Perhaps they were linking it to his previous problems then. Did he have an EEG back then? My son had passing out problems for a while (not as frequently as yours) but his EEG was clear. My daughter was diagnosed via EEG after her first seizure but they were still in no hurry to put her on meds. Different doctors take different approaches, I suppose.
 
No EEG in the past...I wish they were a bit slower to diagnose his. He has t had a seizure since. How do we know if he will ever have one again? I know he is not taking Meds and still isn't seizing. How do I know diagnosis is correct? We only have 3 neuros within a 250 mile radius and they are all in the same practice and won't cross over patients
 
It's really tough. We thought our daughter's seizures were perhaps gone (despite a diagnosis of epilepsy) when she didn't have any for four years - and then they reappeared out of the blue, and they seem to have stuck around this time. I can't give you medical advice, obviously, and I don't know your neurologist's reasons for putting your son on meds but maybe it would be worth explaining to him/her that your son hasn't had a seizure despite not taking his meds and asking if it might be worth leaving the meds for now and seeing what happens? Of course, there are risks attached to that - he could have a seizure an injure himself in some way, so it's not an easy decision. You would also need to discuss it with your son, providing he is willing to do so. I had just read so many bad things about medication side-effects that I didn't want my daughter taking them unless it was absolutely necessary, as has become the case.
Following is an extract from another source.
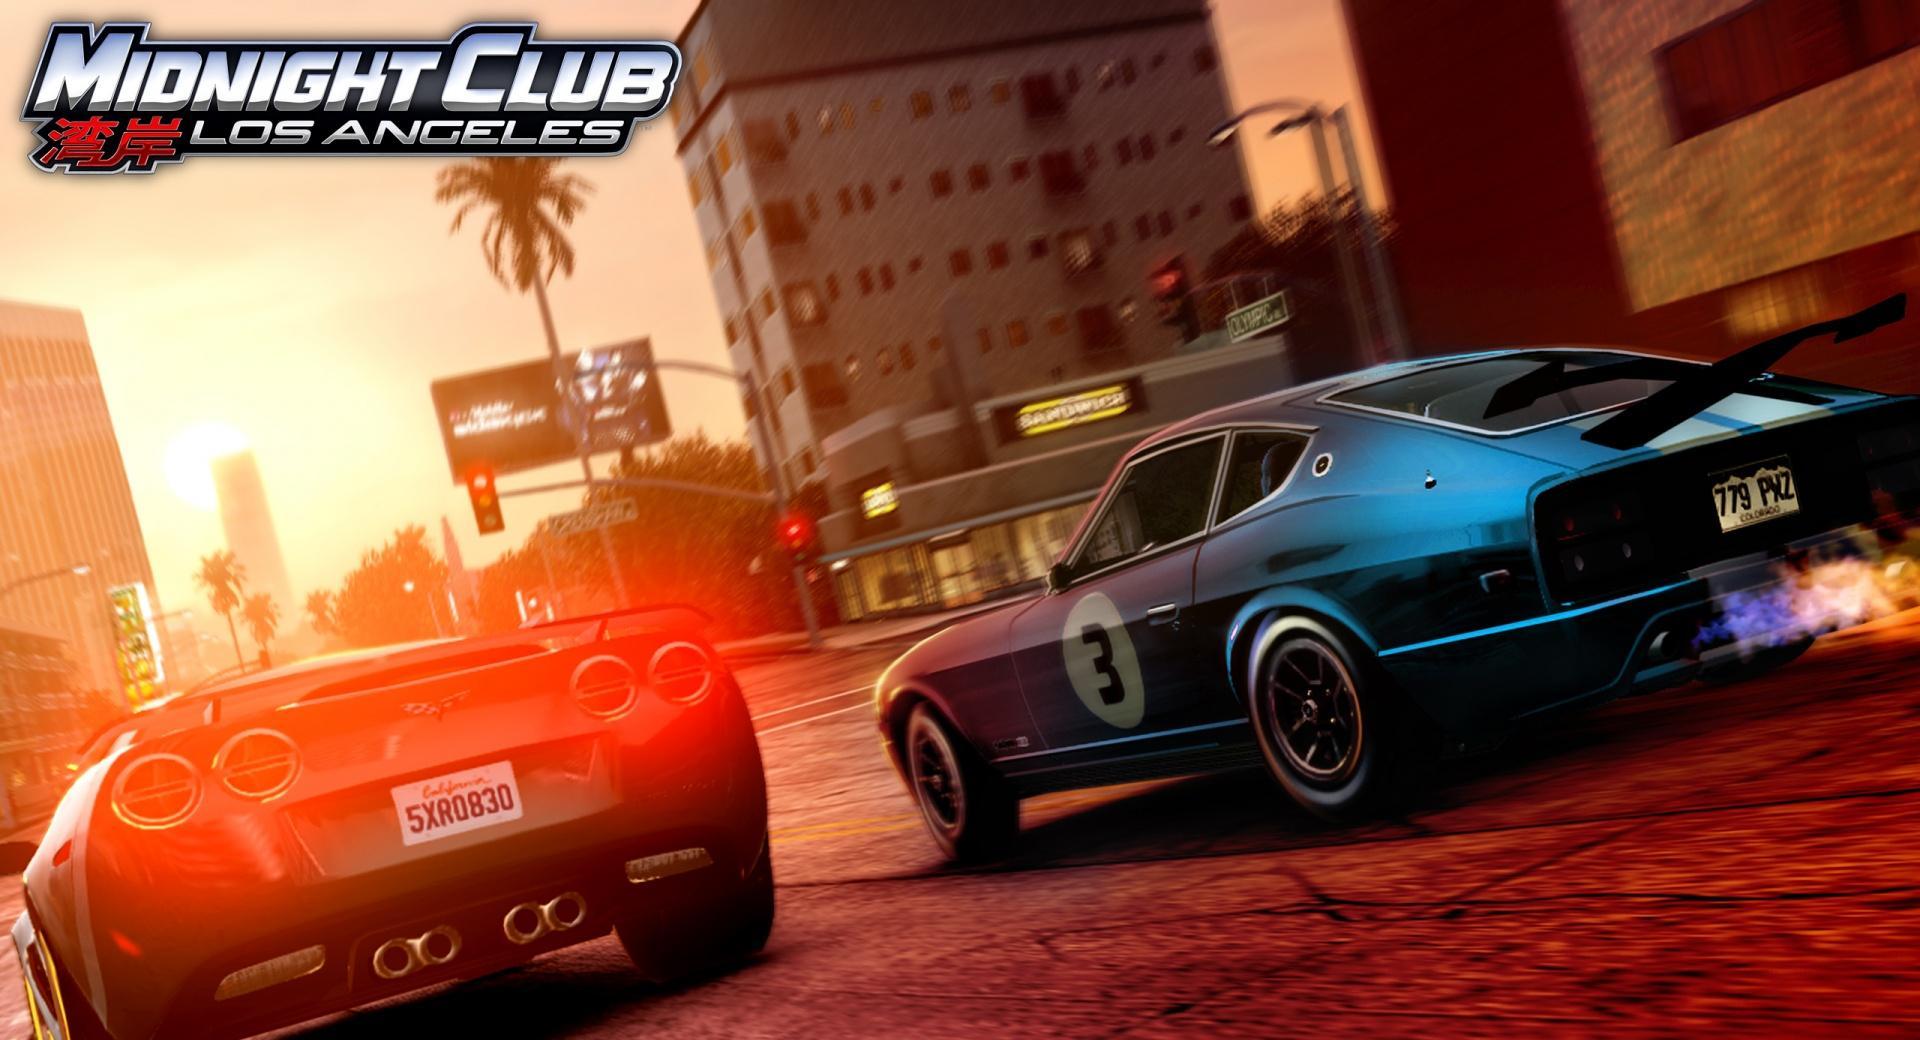 Midnight Club Los Angeles Corvette vs 280Z wallpapers HD quality

As Nakamova says further up, though, plenty of people who have epilepsy live life to the full and I'm sure your son will realise this once he gets over the shock. My daughter sang at a school concert on Thursday night, went to a party last night, did four hours at her part-time job today and then went to a gig a hour away tonight - all normal teenage stuff. It's such a shame abut your son's driving licence (Rosie isn't old enough to have had one in the first place, so it's not so hard on her) but better safe than sorry, and he may have it back before too long if things go well. I know how worrying this all is for you and your son but you WILL get through it.
 
Well, my friend was all but seizure free, just one or two absences a year, which could have been for other reason, for 15+ years, off meds and all then the 17th of this month, status for 7 hours, non stop t/c alternating with absence seizures. So it can happen.
 
Does he take brand name medication? Personally, I feel strongly in favor of brand name or consistently taking the exact same manufacturer's medication on a regular basis.
Also, is he consuming those energy drinks to compensate for side effects of medications? They have had a bad rap in the news lately for normal kids.
Personally, I had more help career wise from a school nurse than the guidance counselor who frustrated me completely. There are programs that may help him build a career. He's probably thinking he has no future, no dream, etc. Does he have interests in other areas?